There is colors and glutamate in the diet add to the glutamate load in the body that you're trying to

Dr. Emily (01:00:32):

Absolutely monosodium glutamate. Absolutely. And you know, some people don't convert glutamine very well, so they get agitated when you put it into the gut. Mm-hmm. <affirmative>. So, absolutely. Yes. And it's hard because if your child eats four foods and they all are gluten and dairy based, you have some work to do and it's gonna be a struggle, but you'll get your child there. I don't have, I've never had any child that just completely refused to eat. A hundred percent. And I wanna encourage parents that you are not responsible for what your kid eats. You are responsible for what you provide your child to eat. So whether they eat it or not, you have to walk away. But over time, if they just know you're not gonna feed 'em, you know, McDonald's chicken nuggets or you know, even a healthier chicken nugget because you're trying to eliminate one or two of those food sources, they're gonna eventually eat what you do provide. Cause kids get hungry and then they'll change. Mm-hmm. <affirmative>, they'll change. But it takes, it takes work and it takes a struggle and it takes a commitment. But if there's nothing else you can do, lower the two most likely sources of inflammation in that child and it's through their food.
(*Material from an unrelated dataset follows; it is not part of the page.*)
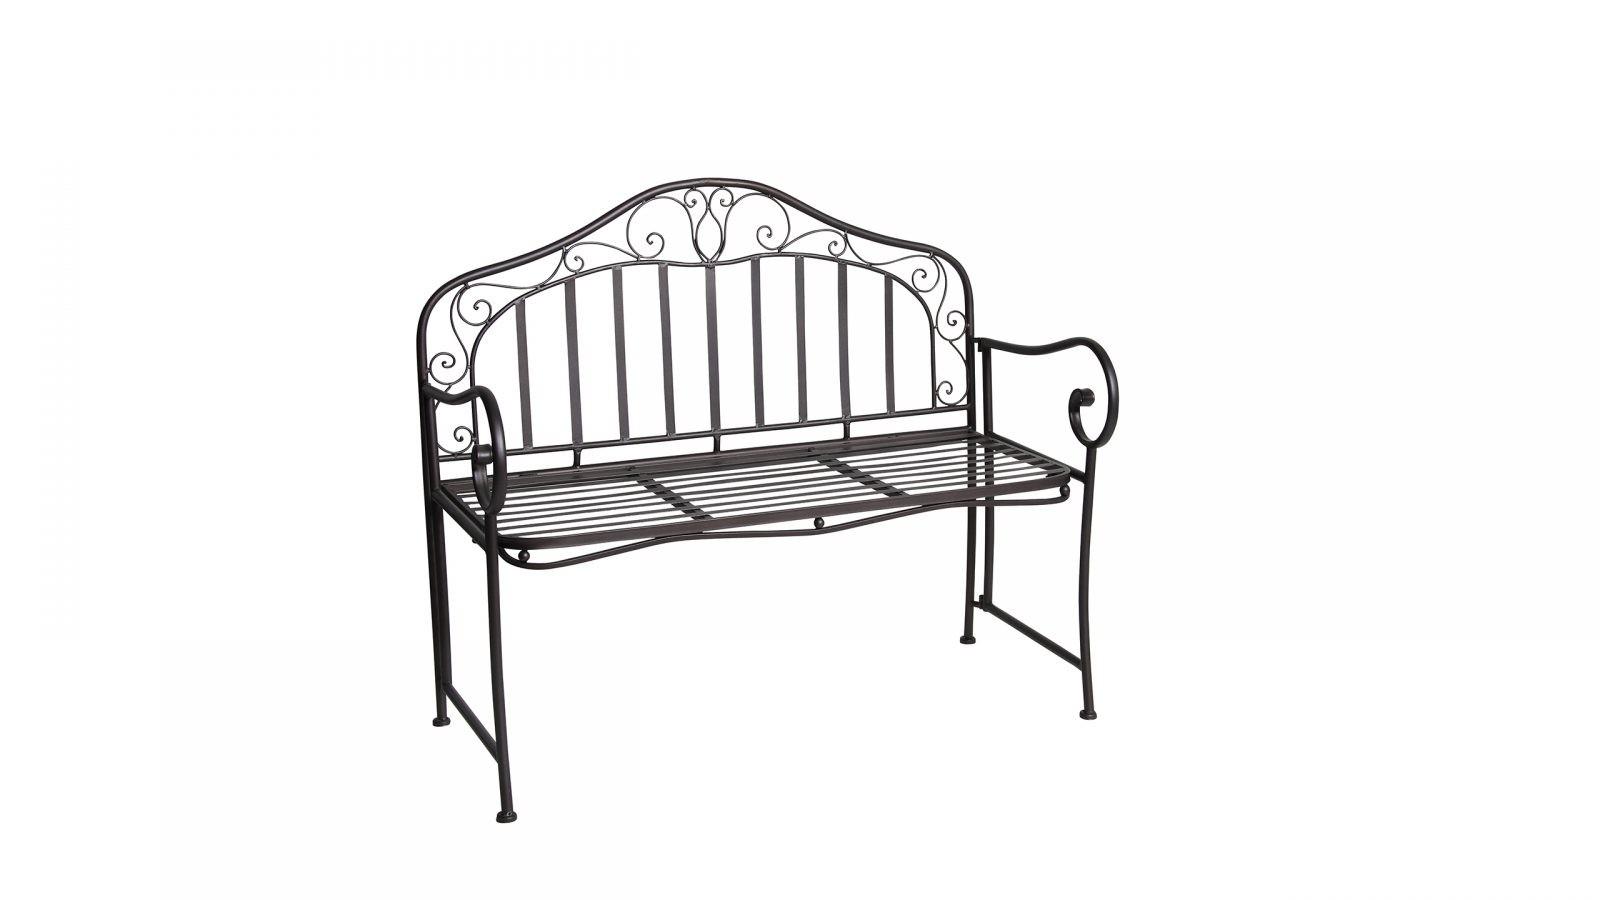 neueste gartenbank metall geflecht konzept garten design ideen. Black Bedroom Furniture Sets. Home Design Ideas

Mm-hmm.

Christa (01:01:39):

<affirmative>. Well, there's a lot here. You know, this is like a two parter <laugh>, but where can people find you online

Dr. Emily (01:01:45):

So they can find me? I'm on Instagram with neuronutritionassociates. I'm on Instagram with neuronutrients and with both of those companies we have a website as well. So you can find me in both places.

Christa (01:01:56):

Perfect. Thank you so much for the work that you do. Look forward to seeing that autism supplement <laugh>. Yeah, they'll order the calming supplement after this. Cause I said, when you told me the ingredients last week I had to go to another appointment, I was like, oh, sounds like anyone could use that. I'm gonna go try that out.

Dr. Emily (01:02:12):

Yeah, go. Good. Well let me know how it goes.